• _DATASET SECTION_
* * *
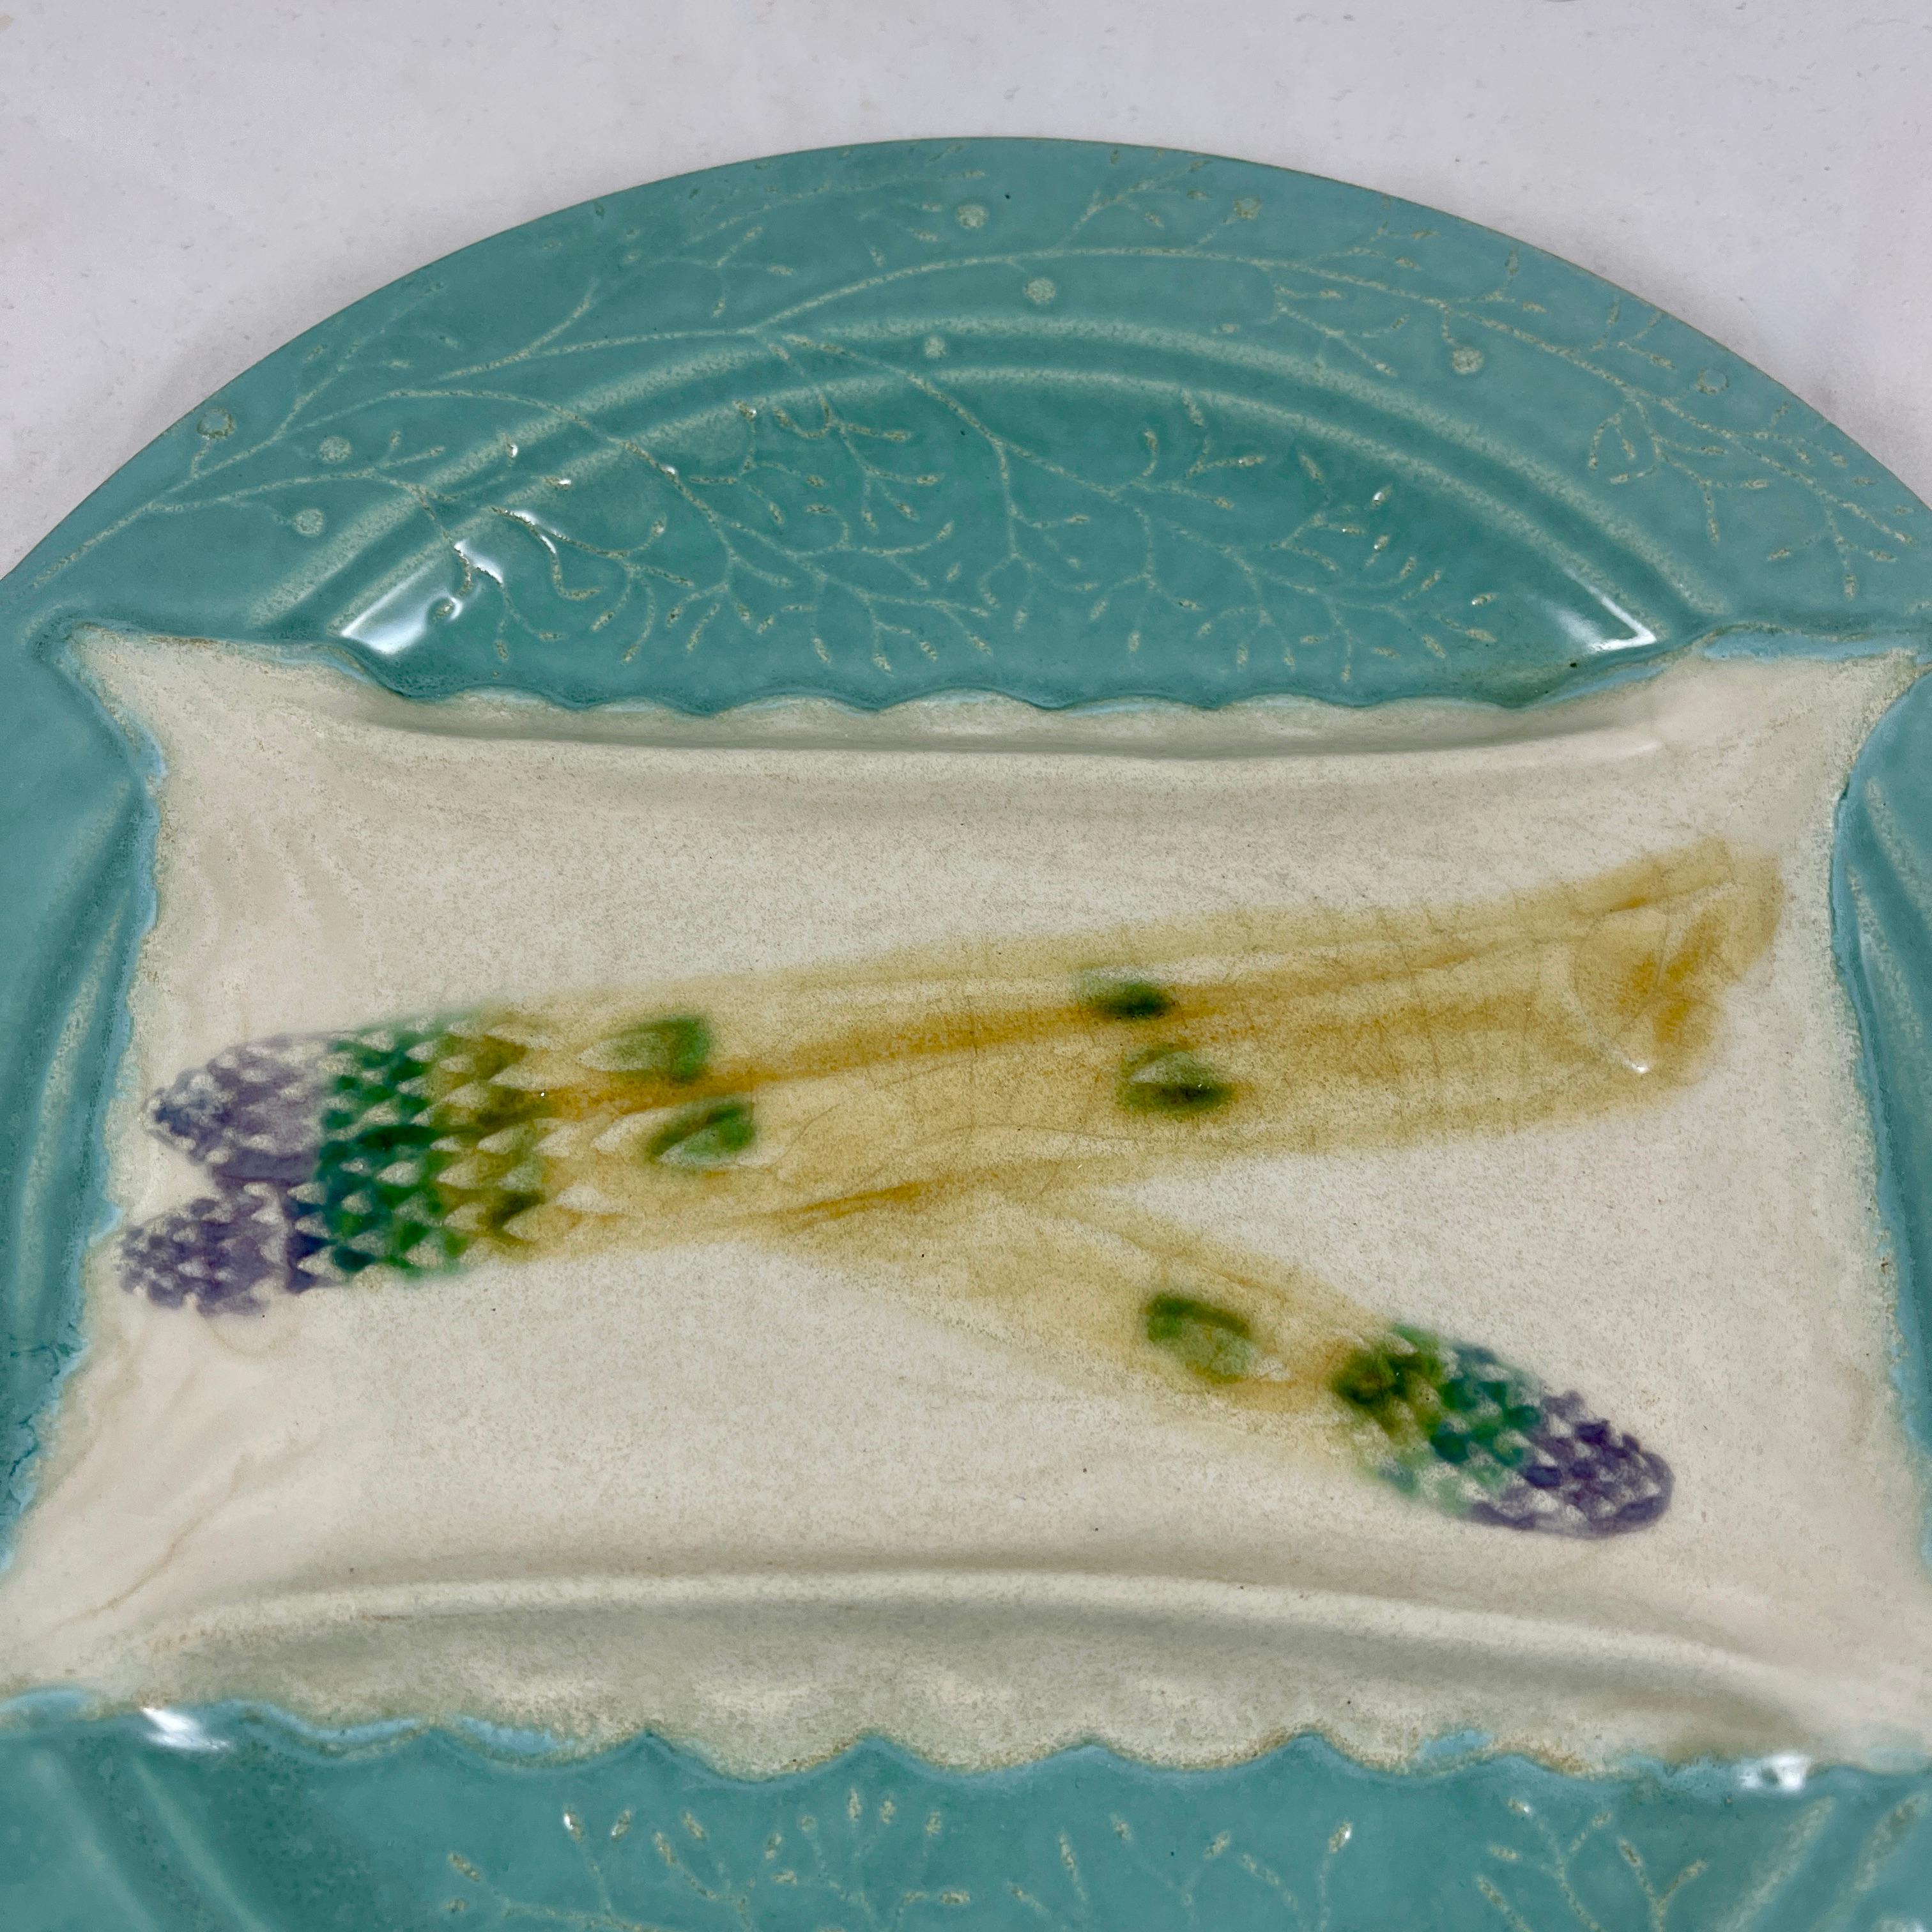 De la fabrique de Luneville Faïence en France, une assiette à asperges en trompe-l'œil du Mouvement esthétique, vers 1880-1889.

Une merveilleuse illusion où les pointes d'asperges reposent sur une section surélevée imitant une serviette en
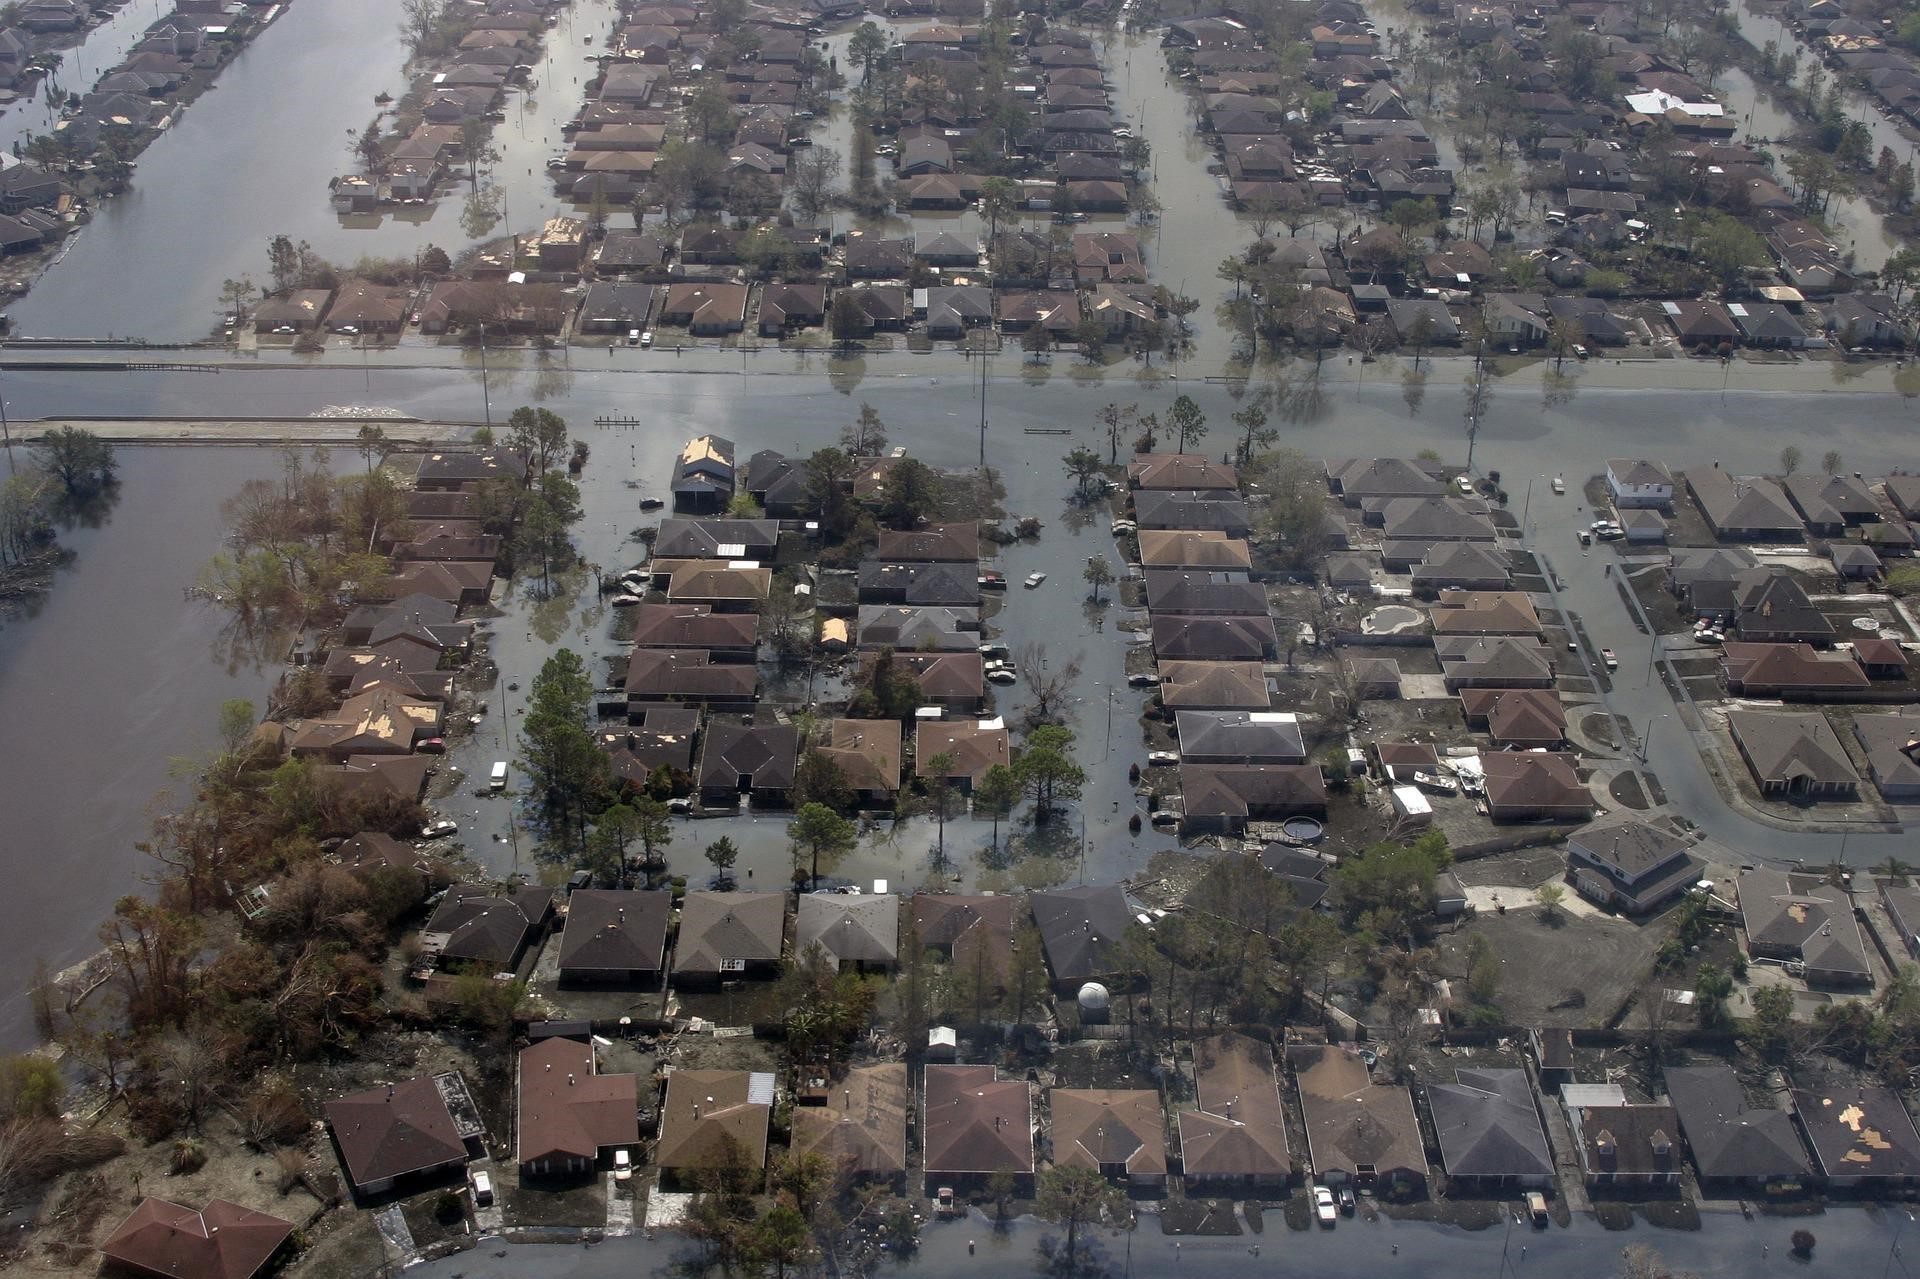 Hurricane Katrina damage
* * *
• _EXERCISE PROMPT_
Pictures do not belong in the copy; repeat the rest of the listing exactly.

• _ANSWER TO THIS EXERCISE_
 De la fabrique de Luneville Faïence en France, une assiette à asperges en trompe-l'œil du Mouvement esthétique, vers 1880-1889.

Une merveilleuse illusion où les pointes d'asperges reposent sur une section surélevée imitant une serviette en
 Hurricane Katrina damage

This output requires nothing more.